# Advanced INF Install Could not locate "\DirectX.inf"



## **__** (May 24, 2004)

I'm running an old IBM Thinkpad600 with WIN98SE, and I started getting the following message on startup," *Advanced INF Install* Error: could not locate INF file "\DirectX.inf'.

[I have already tried uninstalling and re-installing direct x to fix the issue, but the message still persists.]

The message started after I installed the WIN98SE option pack from majorgeeks.com. After I installed the option pack, I then got some installation errors for the IE6 upgrade and Windows Media Player 9. These error messages were also labeled as "Advanced INF Install", but the message said, "Error setting an LDID to " ". After I click OK, the DirectX upgrade from the option pack seemed to install without issues and I didn't get any errors. After the option pack installation, I rebooted the system and that's when I began getting the " *Advanced INF Install* Error: could not locate INF file "\DirectX.inf'." message on startup.

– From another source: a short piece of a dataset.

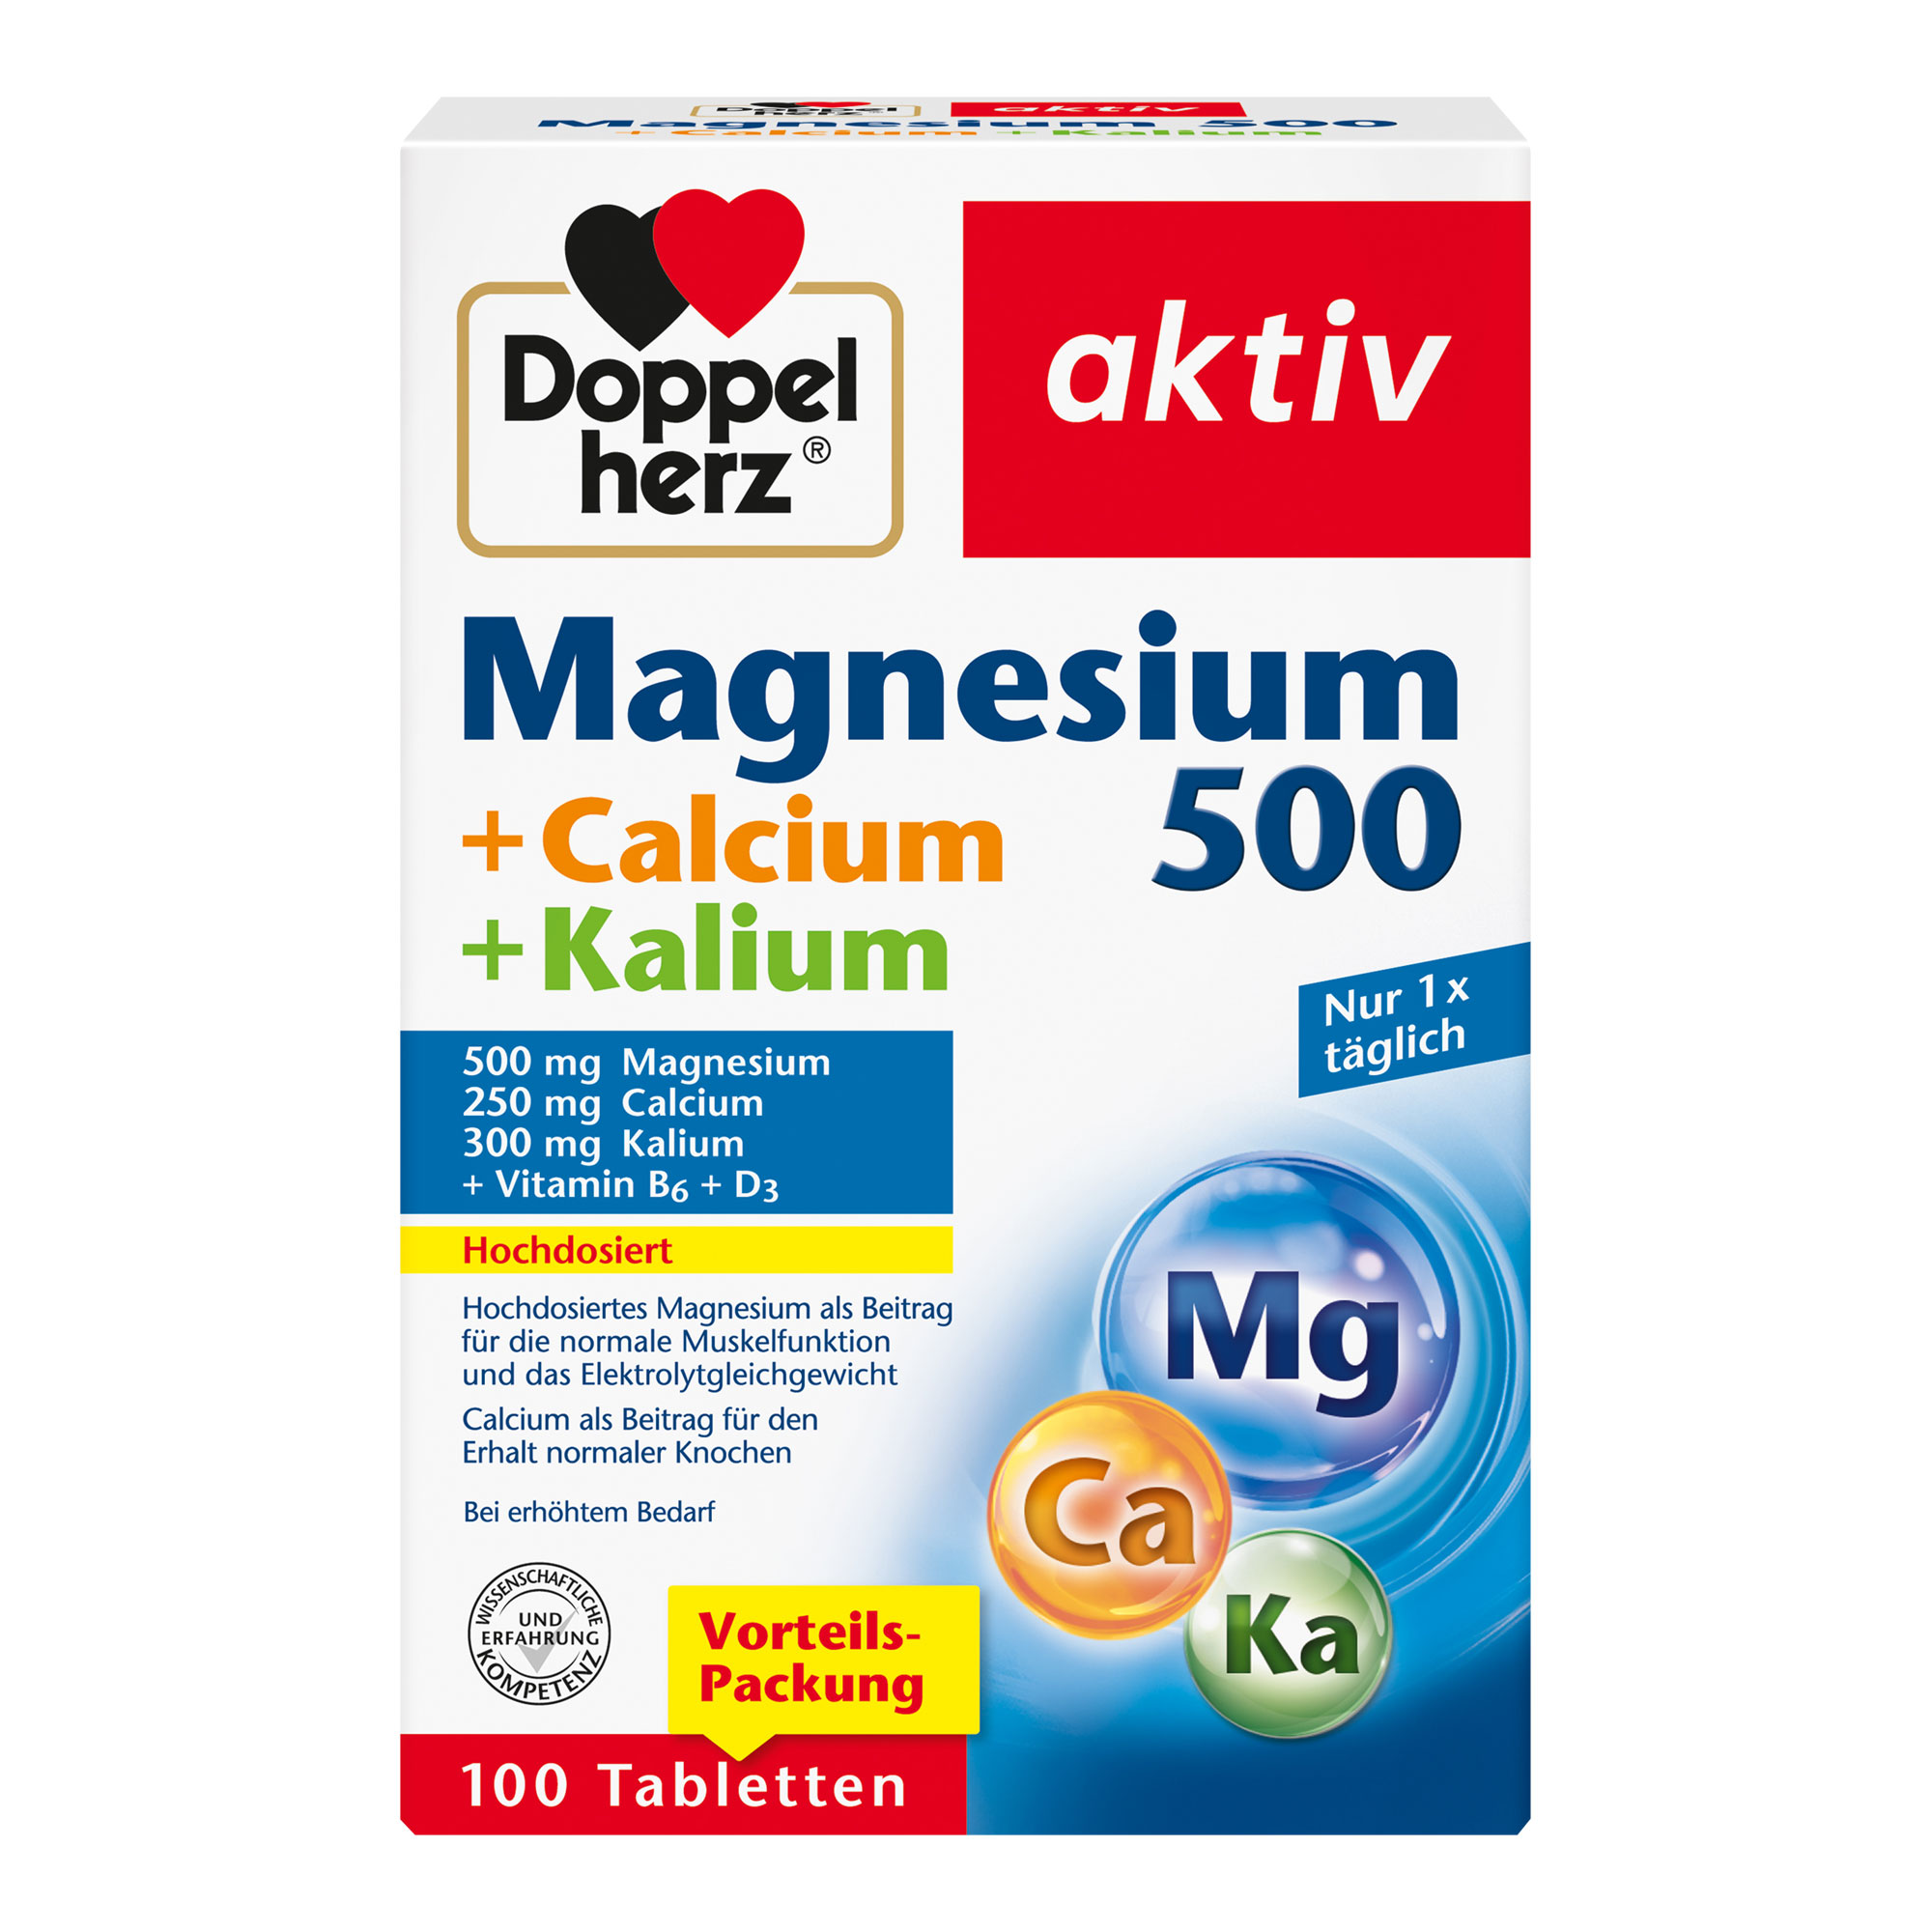 Nahrungsergänzungsmittel mit Magnesium, Calcium, Kalium, Vitamin D und B6. Vorteilspackung.
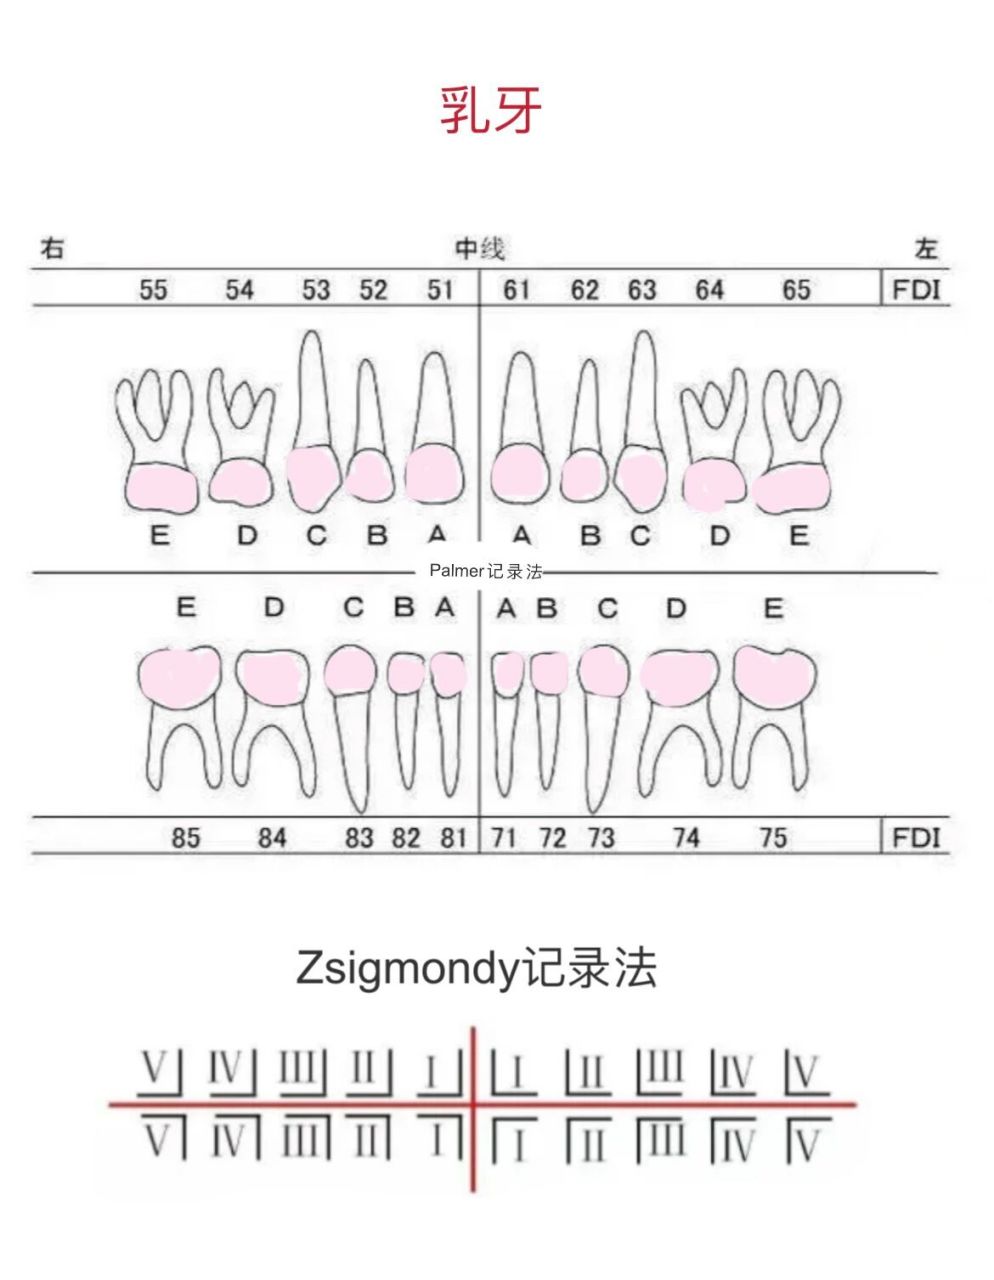 口腔护士笔记5牙位记录 1部位记录法:分为4区,用abcd分别代表患者的右

I'm not sure what this error message means and why the error box is labeled as "Advanced INF Install", but if anyone knows how I can fix this, your response would greatly be appreciated. I'm sure the message is related to the installation of the option pack since I got the "Advanced INF Install" error during installation, but I don't know why it is still popping up?

Thanks.


----------



## blues_harp28 (Jan 9, 2005)

The Unofficial Windows 98se Service Pack not been written and supplied by Microsoft, does come with some caveats and a disclaimer that can be read at majorgeeks and elsewhere.
I think that you will find that it has only operating system updates and not updates for DirectX or Media player - IE etc.
In the days past, I could never get it to run correctly as it interfered with the existing 98se installation files and overwrote the very files that you are talking about - IE6 and Media player.
Not an answer to your question I know but good luck.


----------